Toddlers are intrigued about what sets one thing apart from the other, and they explore such sensations not so they can build up their levels of fear (that which holds many of us from exploring), but to build understanding. And what is further amazing is that toddlers do this through a checklist that organically arranges itself in their minds.

Worthwhile Characteristics.

We all generate mental checklists to move through our environments, it's kind of hot-wired into our thinking patterns. At the beginning of our life journeys we do this more organically, but as we shift into adulthood we begin to construct and edit such lists, inevitably moving away from what we did as toddlers. Some of this shift is warranted, but still, there are bullet points we can take away from these young masters that would serve us quite well in adulthood and in leadership. Here are three we selected below.

1. Toddlers don’t ignore their list. Interestingly, toddlers truly look at their checklist as a list that needs to be checked off. Just as important as checking the items on the list is how they move through them, with full sensation and with no reservation, constantly building their knowledge base of differences.

2. Emotion guides their prioritization. Essentially, the first items explored are usually the brightest, biggest, and most out-of-place things - the most attractive. They are those elements that create the strongest chemical reactions in the body. As we get older, we become more aware of the things that surround us, yet our natural chemical responses to differences don’t go away. Regardless of our age we are all still attracted to the biggest, brightest, and most out-of-place things in our environments. What we do as adults though is minimize such stimuli so as to maintain a sense of control over our spaces. This interrupts the learning possibility and the learning potential, something that toddlers don’t allow to stand in their way.

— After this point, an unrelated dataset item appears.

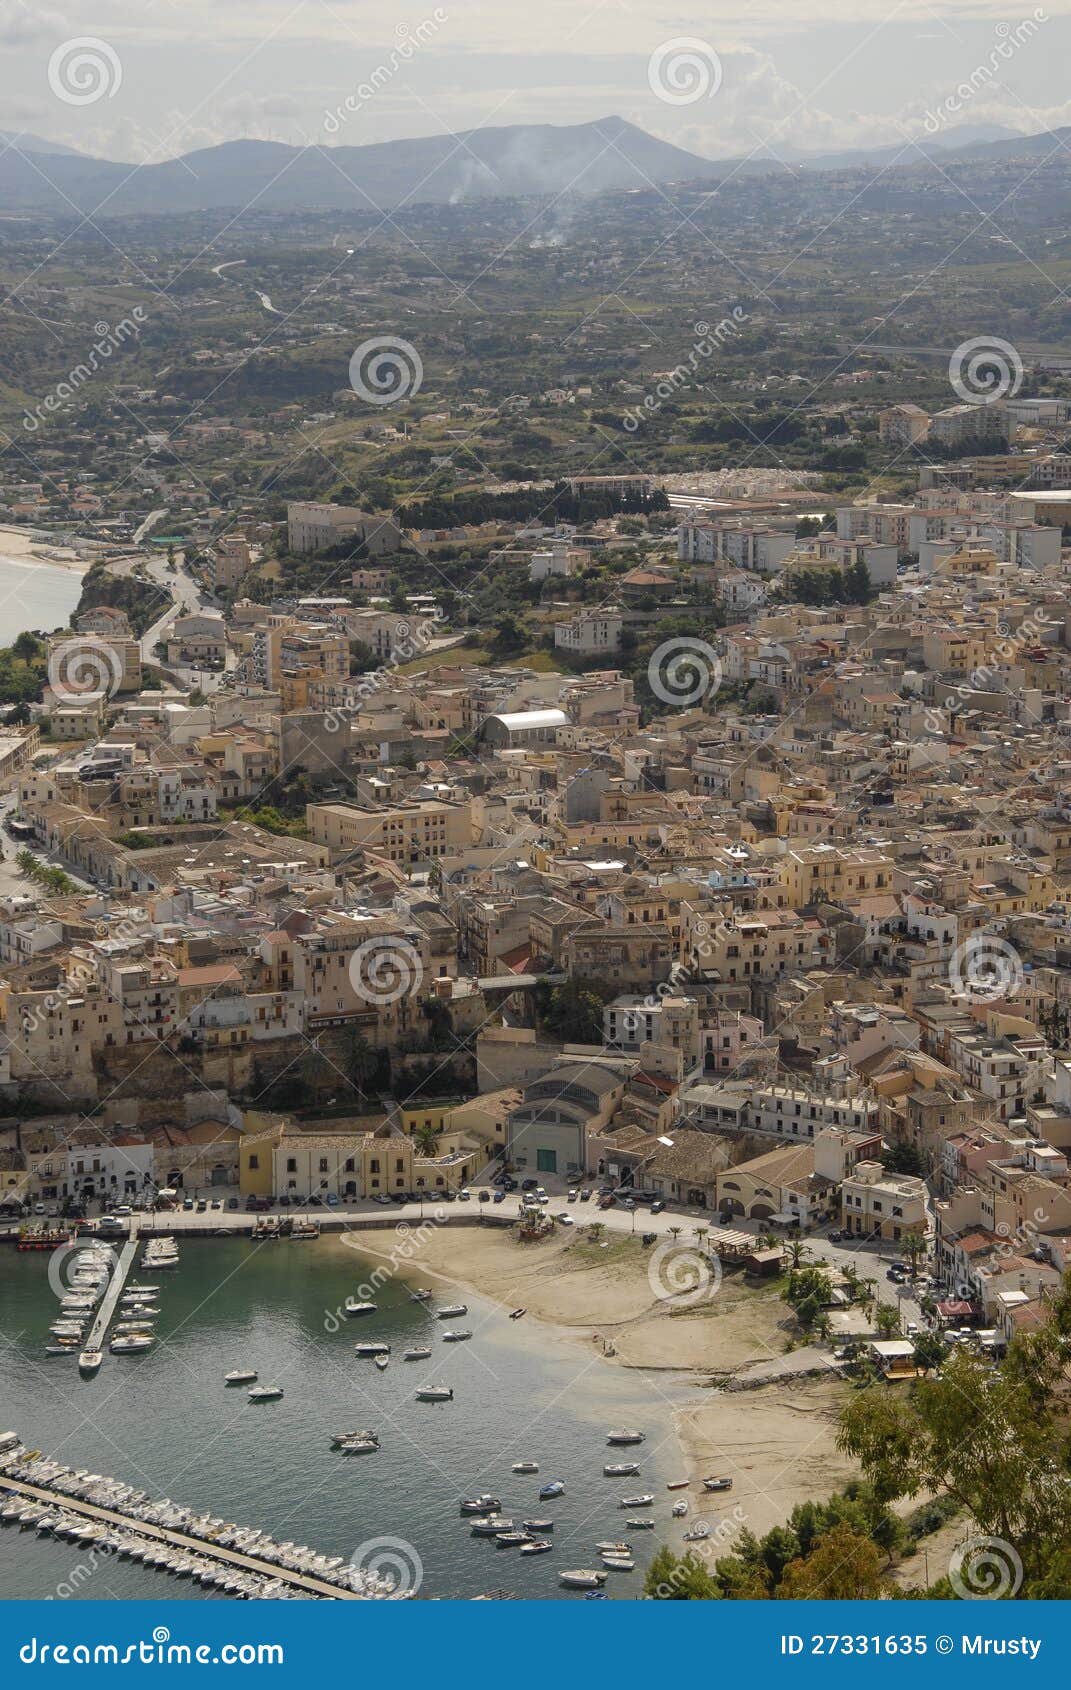 Castelammare del Golfo. Castellammare del Golfo is een stad en comune in de Provincie van Trapan van Sicilië. De naam is ruwweg vertaalde Overzeese Vesting van de Golf, die uit de middeleeuwse vesting in de haven voortkomt. De watermassa het zit op ook neemt zijn naam van de vesting, Golfo Di Castellammare.

3. An instinct of kinship. Toddlers, when together and exploring each other for the first time, show their interest for differences openly. They express and explore such stages by using all their senses, touching, smelling, speaking, etc. They are vulnerable at such times, which is a needed stage when learning and absorbing lessons on differences. Such organic states, that included openness and willingness, allows toddlers to move past interferences that stand in our adult way, to move right onto the other sphere, the world of kinship.

To Play is to Grow

These are just some of the lessons that toddlers give us. The organic checklist, and its attention to the environment, is something that unfortunately diminishes over time. This is truly an inopportune event. As we get older we generate these checklists more out of fear and self-perseverance, when we should be building them out of curiosity and exploration, attending to the Play side of our intrigue. The playground can - and should - still be present in the adult learner, and especially for the adult leader.